L’analyse de tétrades issues de la méiose des diploïdes R1 × A′ donne
des tétrades qui sont toutes constituées de 2 spores [gly+, lct+] et 2 spores
[gly+, lct–].
Donnez une interprétation génétique précise et complète de tous ces résultats
(génotypes et phénotypes, finalité des croisements réalisés).
NB : on obtient des résultats semblables avec les souches R2 à R5.
3. On réalise les croisements R1 × C et R3 × C, où C est une souche de
phénotype [gly–, lct–] et de génotype (MATα, cyc1-1, cyp3-10), où cyp3-10
est une mutation ponctuelle du gène CYP3 aboutissant à l’absence totale
d’iso2-cytochrome c.
Les diploïdes sont tous de phénotype [gly+, lct+].
L’analyse de 30 tétrades issues de la méiose des diploïdes R1 × C donne :
– 6 tétrades à 2 spores [gly+, lct+] et 2 spores [gly–, lct–];
– 17 tétrades à 1 spore [gly+, lct+], 2 spores [gly–, lct–] et 1 spore [gly+, lct–];
– 7 tétrades à 2 spores [gly+, lct–] et 2 spores [gly–, lct–].
L’analyse de 86 tétrades issues de la méiose des diploïdes R3 × C donne :
– 85 tétrades à 2 spores [gly+, lct+] et 2 spores [gly–, lct–];
– 1 tétrade à 1 spore [gly+, lct+], 2 spores [gly–, lct–] et 1 spore [gly+, lct–],
tétrade notée T.
Donnez une interprétation génétique précise et complète de tous ces résultats,
sans oublier les aspects cartographiques, et confrontez vos conclusions
aux hypothèses formulées à la question 1.
4. On reprend les 2 spores [gly–, lct–] de la tétrade nommée T (question
précédente) et on les croise, selon le signe sexuel de chacune d’elle, avec une
souche A ou A′.
Les deux diploïdes obtenus sont de phénotype [gly+, lct–].
a. Quels sont les génotypes des deux spores de la tétrades T ? Justifiez le
choix de cette tétrade.
b. Que prouvent les observations réalisées, par rapport à vos conclusions
précédentes ?
c. Quelles auraient été les observations dans le cadre de l’hypothèse
alternative ?
5. À partir de la souche R1, on obtient deux mutants indépendants de phénotype
[gly–, lct–], notés D et E, toujours dépourvus d’iso1-cytochrome c.

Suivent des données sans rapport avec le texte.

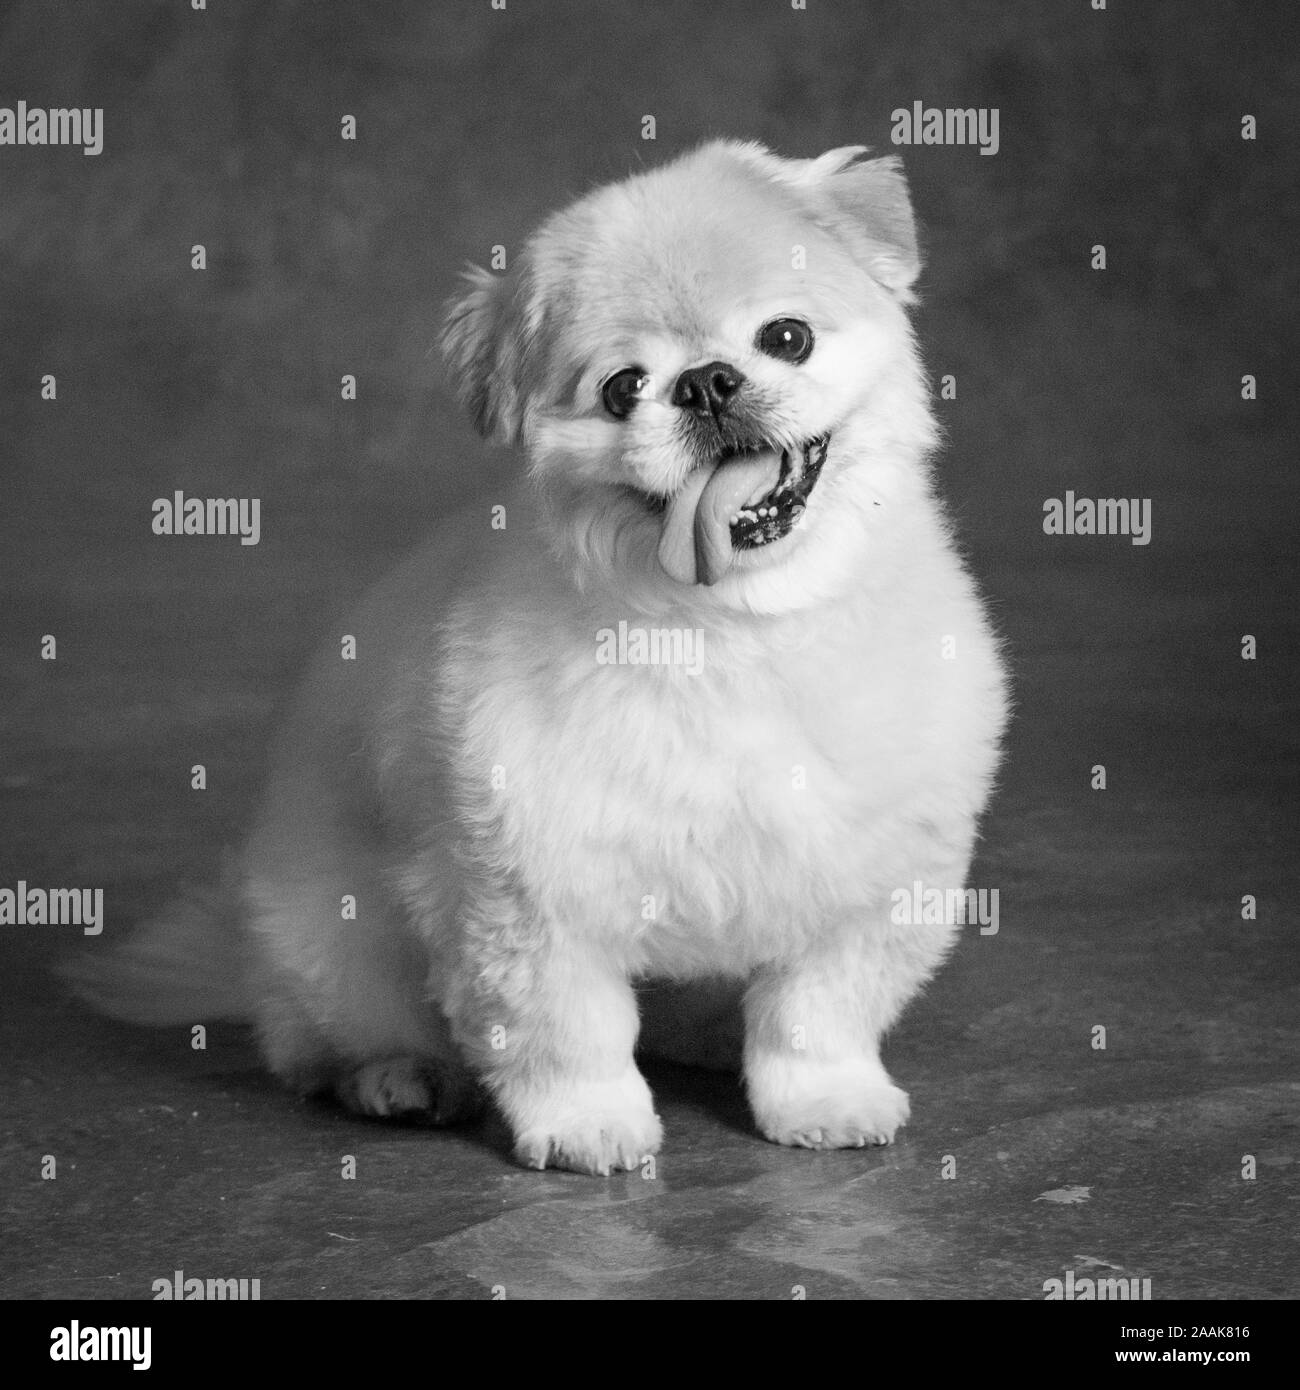 Portrait of Pekingese mix dog Stock Photo

E est également dépourvu d’iso2-cytochrome c, tandis que D présente un
taux égal à 2 % de la quantité sauvage, ce qui ne lui permet plus de pousser
sur glycérol.
Les souches D et E sont croisées avec R1′ (même génotype que R1 sauf
pour le signe sexuel qui est opposé); les diploïdes sont tous de phénotype
[gly+, lct+] et donnent à la méiose un seul type de tétrades avec deux spores
[gly+, lct+] et deux spores [gly–, lct–].
Les souches D et E sont également croisées avec C; le diploïde D × C est
de phénotype [gly+, lct–] et le diploïde E × C est de phénotype [gly–, lct–].
Donnez une interprétation génétique précise et complète de tous ces résultats,
et confrontez vos conclusions aux hypothèses formulées à la question 3
pour expliquer le phénotype [gly–, lct–] des mutants D et E, en rapport avec
les dosages réalisés chez ces mutants. Cette question est indépendante de
la 4.
➤ Niveau Licence-Master (L3, M1) :
NB : problème adapté d’un TD conçu par C. Isnard, J. Deutsch, D. Cohen (université
Paris VI) à partir des travaux de J. Verdière (CNRS, Gif s/Yvette).